If a seller deactivates or closes their Etsy shop, their listings disappear from your Etsy favorites — you'll see a broken or empty entry. That's one reason to save listings outside Etsy's platform too. A clipped sticky note keeps the original URL and title even if the listing later becomes unavailable, so you at least have a record of what it was and can search for something similar.
How do I save a product listing on a shop that has no wishlist feature?
Any shop without a built-in wishlist can be handled by saving the page from your browser. The easiest method is the free Sticky Note Web Clipper — click the toolbar icon while you're on the product page and it creates a sticky note with the page title and URL already filled in. This works on Shopify stores, Squarespace boutiques, brand direct sites, or any other page without a native save option.
Is there a way to save shop listings on my phone?
On your phone, the simplest option is to use the Share menu and send the URL to a notes app.

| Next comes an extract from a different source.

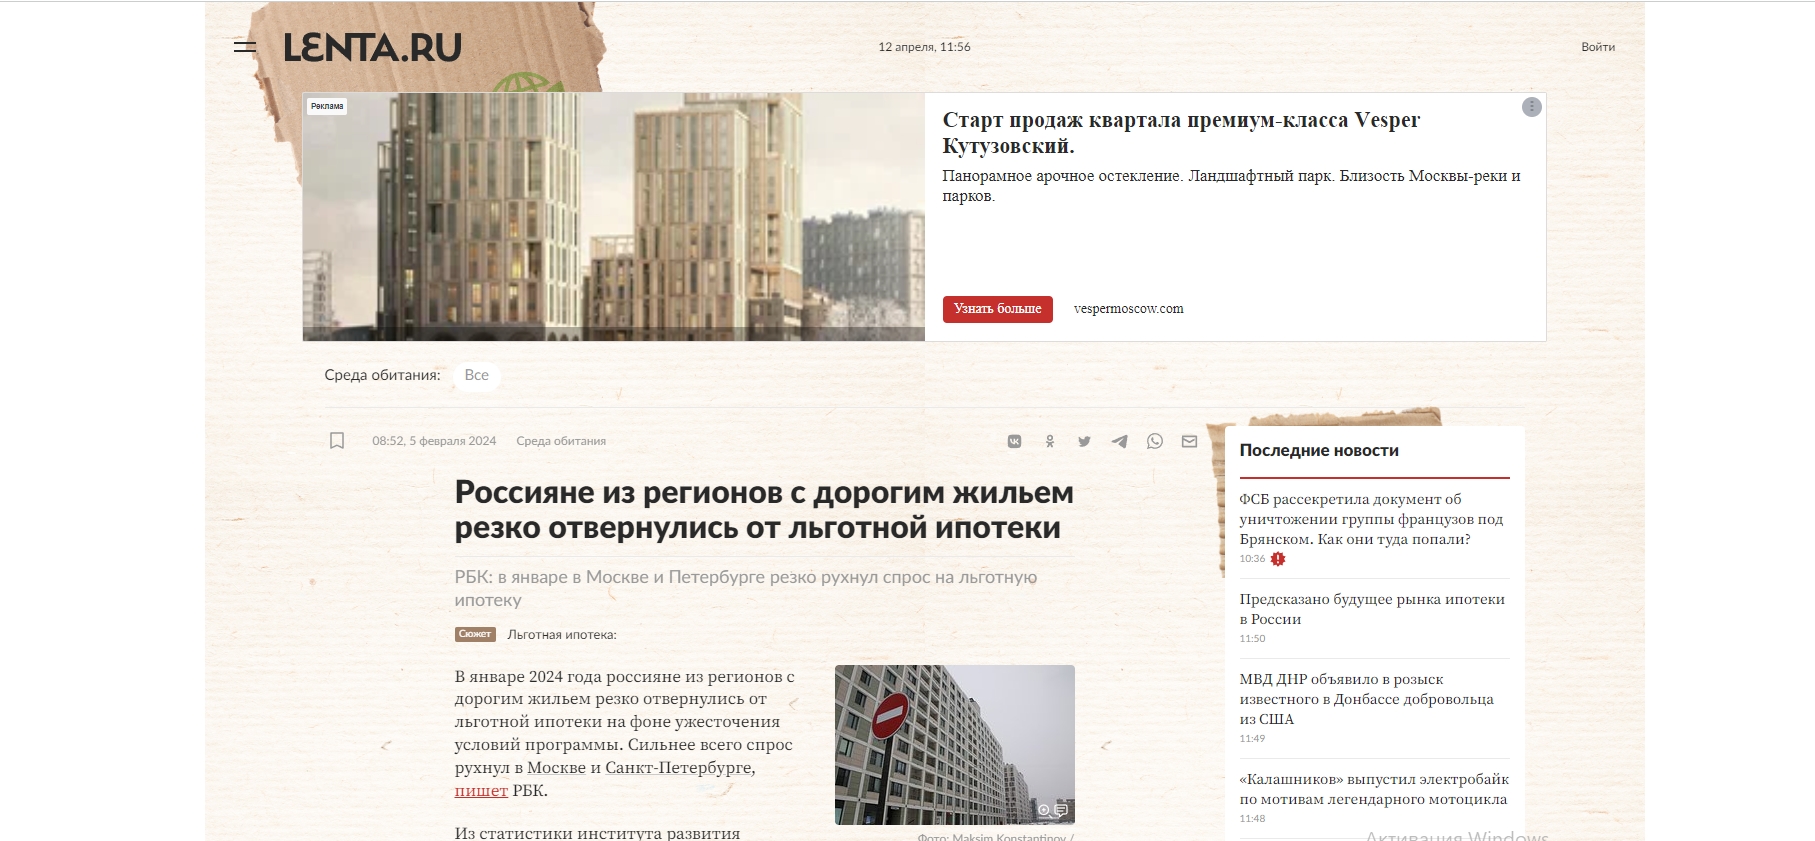 Россияне из регионов с дорогим жильем резко отвернулись от льготной ипотеки

If you've used the Sticky Note Web Clipper in Chrome on your desktop, your saved notes sync to TaskLoco, which is available on iPhone and Android — so listings you clip at your desk show up on your phone automatically when you're ready to buy.
Does the Sticky Note Web Clipper cost anything?
The extension is free. TaskLoco also has a free tier. Install the clipper from the Chrome Web Store, sign in with Google, and start saving listings immediately — no payment required.
Can I save listings from multiple different shops in one place?
Yes — that's exactly what a browser-based clipper is built for. The Sticky Note Web Clipper works on any webpage regardless of platform, so you can clip an Etsy listing, an eBay auction, a Depop item, and a boutique product page all to the same note wall. Everything syncs to TaskLoco where you can search and tag across all of them.
Will I be notified if a price drops on a listing I saved?
The Sticky Note Web Clipper saves the listing as a static note — it doesn't track live price changes. For price drop alerts, eBay's Watch List or browser extensions specifically built for price tracking are better tools for that function. Use the clipper to build your wishlist across multiple shops, then periodically revisit the URLs to check manually.